Ну и кто меня, спрашивается, за язык тянул? Зачем нужно было его дразнить? Почему нельзя было просто дождаться окончания урока, сделав вид, что меня совсем не заботит его присутствие.
Откуда это абсолютно инфантильное желание подергать хищника за усы? Подергала?
И что теперь? Гадать узнал или нет до конца урока?
Понимаю, что молчание слишком затянулось.
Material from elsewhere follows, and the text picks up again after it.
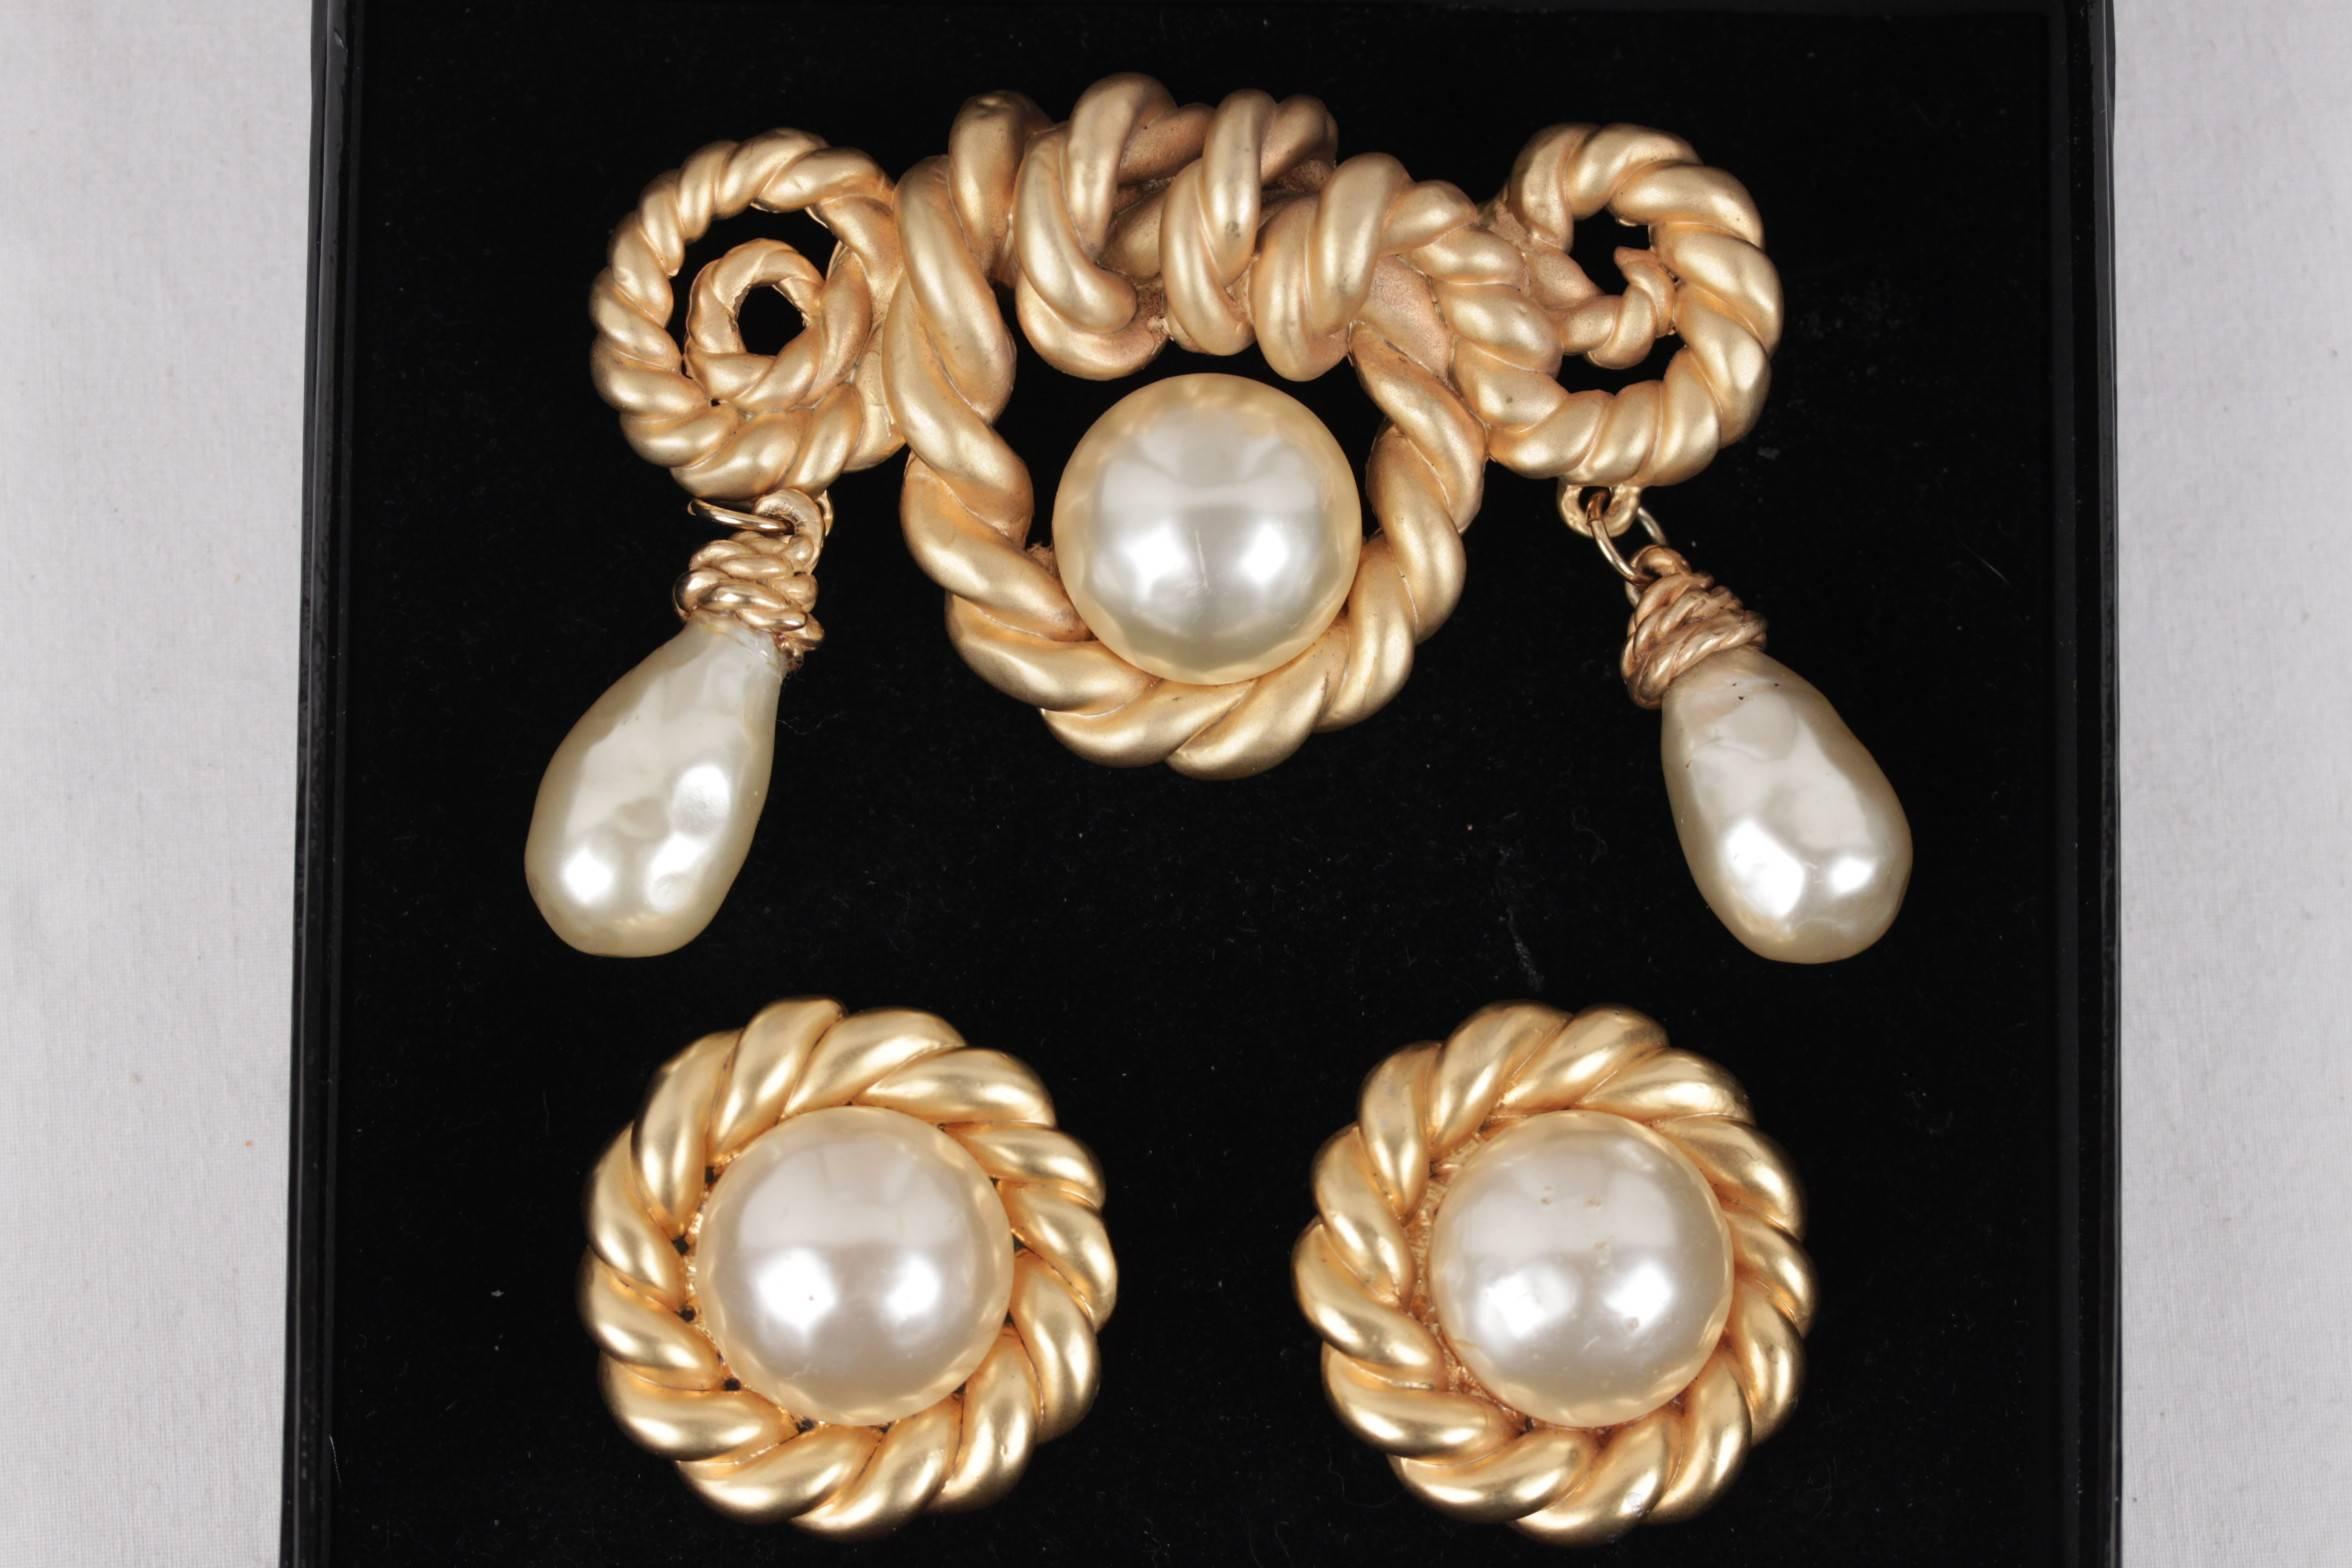  Gorgeous CHANEL twisted rope brooch and earrings set. Brooch is finished in a golden mounting with mat finish, with 2 dangling faux pearl drop and 1 round faux pearl cabochon. Safety pin closure on the back. The pin is matched with splendid clip on

Ученики тем временем устремляют на меня полные недоумения взгляды.
Беру себя в руки, улыбаюсь этому медведю, будь он неладен, и произношу твердо:
— Мы будем только рады вашему присутствию, да дети?
Мои семиклашки, к счастью, утвердительно кивают, а я, продолжая таращиться на Бурова и дебильно улыбаться, думаю о том, что ни черта мне его присутствие радости не доставит.
— Я в этом даже не сомневался, — продолжая все так же самоуверенно ухмыляться, этот гад еще и руки на груди скрещивает.
Мол, уделал я тебя, Марина Евгеньевна.
Нет, надо признать, действительно уделал. В принципе я сама виновата, не надо было провоцировать, но очень хотелось. С того самого момента, как разглядела легкой степени отвращение на его лице.
— Так, ребята, — решаю не продолжать провоцировать Бурова на дальнейшие откровения и возвращаюсь к непосредственной теме урока, — давайте сейчас быстренько рассмотрим наших подопечных и положим их в ванночки с землей. Внимательно рассмотрите поясок вокруг тела, его вы обнаружите не у каждой особи, а только у половозрелых, готовых к размножению. Земляные черви являются гермафродитами. Кто может объяснить, что это значит?